66 ... unlike the case before the national court in this instance, Daily Mail and General Trust did not concern the way in which one Member State treats a company which is validly incorporated in another Member State and which is exercising its freedom of establishment in the first Member State.

[...]

68 At paragraph 20 of that judgment, the Court pointed out that the legislation of the Member States varies widely in regard both to the factor providing a connection to the national territory required for the incorporation of a company and to the question whether a company incorporated under the legislation of a Member State may subsequently modify that connecting factor.

69 The Court concluded, at paragraph 23 of the judgment, that the Treaty regarded those differences as problems which were not resolved by the Treaty rules concerning freedom of establishment but would have to be dealt with by legislation or conventions, which the Court found had not yet been done.

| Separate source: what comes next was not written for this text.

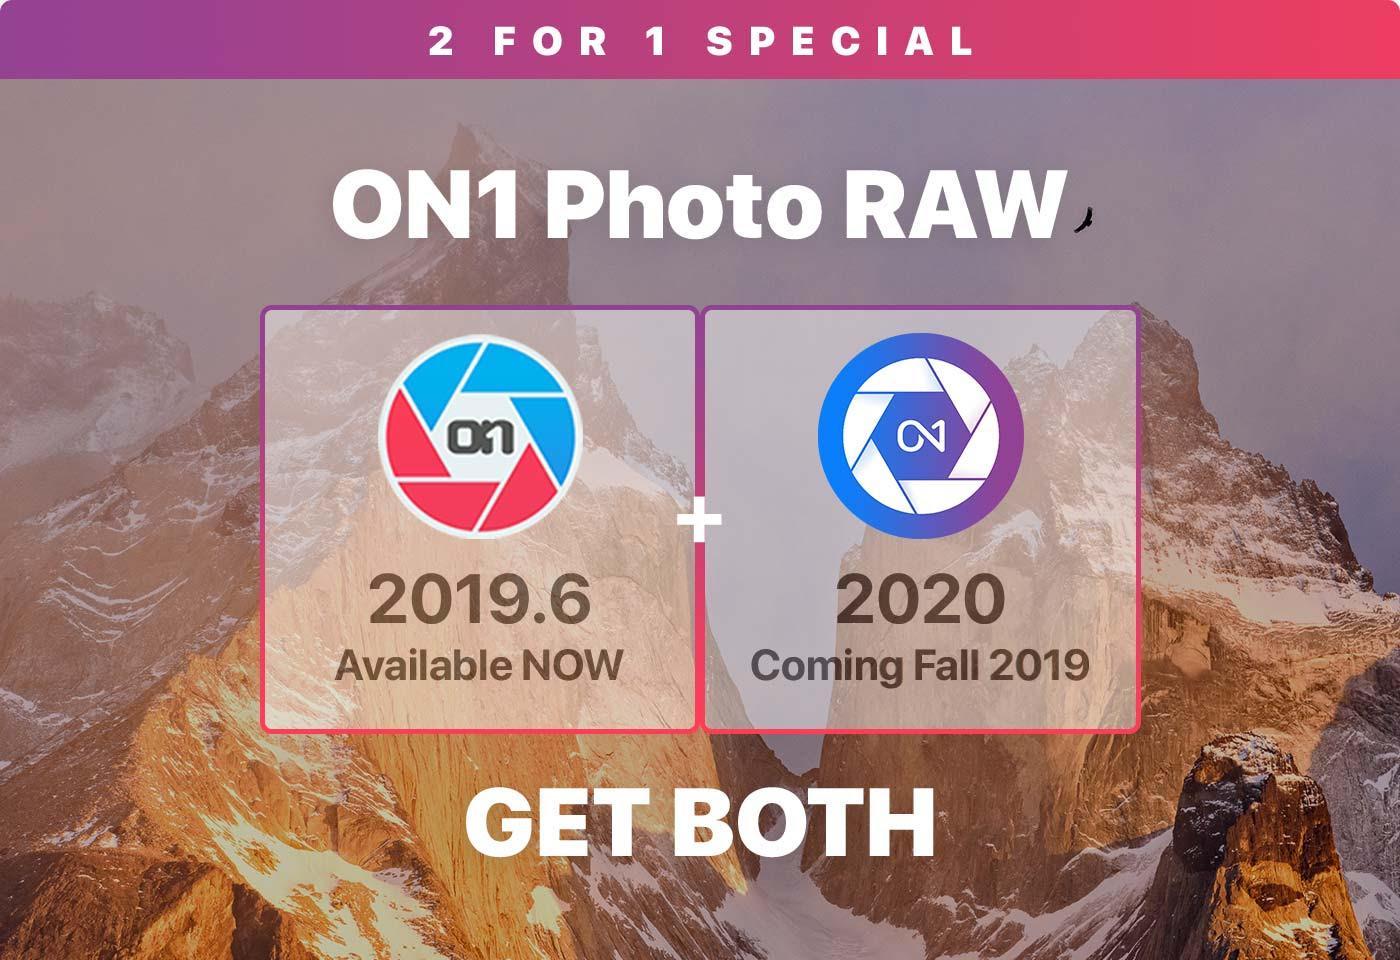 ON1 Photo RAW 2019.6 + ON1 Photo RAW 2020

70 In so doing, the Court confined itself to holding that the question whether a company formed in accordance with the legislation of one Member State could transfer its registered office or its actual centre of administration to another Member State without losing its legal personality under the law of the Member State of incorporation and, in certain circumstances, the rules relating to that transfer were determined by the national law in accordance with which the company had been incorporated. It concluded that a Member State was able, in the case of a company incorporated under its law, to make the company's right to retain its legal personality under the law of that State subject to restrictions on the transfer of the company's actual centre of administration to a foreign country.

71 By contrast, the Court did not rule on the question whether where, as here, a company incorporated under the law of a Member State (`A') is found, under the law of another Member State (`B'), to have moved its actual centre of administration to Member State B, that State is entitled to refuse to recognise the legal personality which the company enjoys under the law of its State of incorporation (`A').

[...]

76 It follows from the foregoing considerations that Überseering is entitled to rely on the principle of freedom of establishment in order to contest the refusal of German law to regard it as a legal person with the capacity to be a party to legal proceedings.

[...]

82 In those circumstances, the refusal by a host Member State (`B') to recognise the legal capacity of a company formed in accordance with the law of another Member State (`A') in which it has its registered office on the ground, in particular, that the company moved its actual centre of administration to Member State B following the acquisition of all its shares by nationals of that State residing there, with the result that the company cannot, in Member State B, bring legal proceedings to defend rights under a contract unless it is reincorporated under the law of Member State B, constitutes a restriction on freedom of establishment which is, in principle, incompatible with Articles 43 EC and 48 EC.

As to whether the restriction on freedom of establishment is justified

[...]

84 The German Government has argued in the alternative, should the Court find that application of the company seat principle entails a restriction on freedom of establishment, that the restriction applies without discrimination, is justified by overriding requirements relating to the general interest and is proportionate to the objectives pursued.

[...]

92 It is not inconceivable that overriding requirements relating to the general interest, such as the protection of the interests of creditors, minority shareholders, employees and even the taxation authorities, may, in certain circumstances and subject to certain conditions, justify restrictions on freedom of establishment.

93 Such objectives cannot, however, justify denying the legal capacity and, consequently, the capacity to be a party to legal proceedings of a company properly incorporated in another Member State in which it has its registered office. Such a measure is tantamount to an outright negation of the freedom of establishment conferred on companies by Articles 43 EC and 48 EC.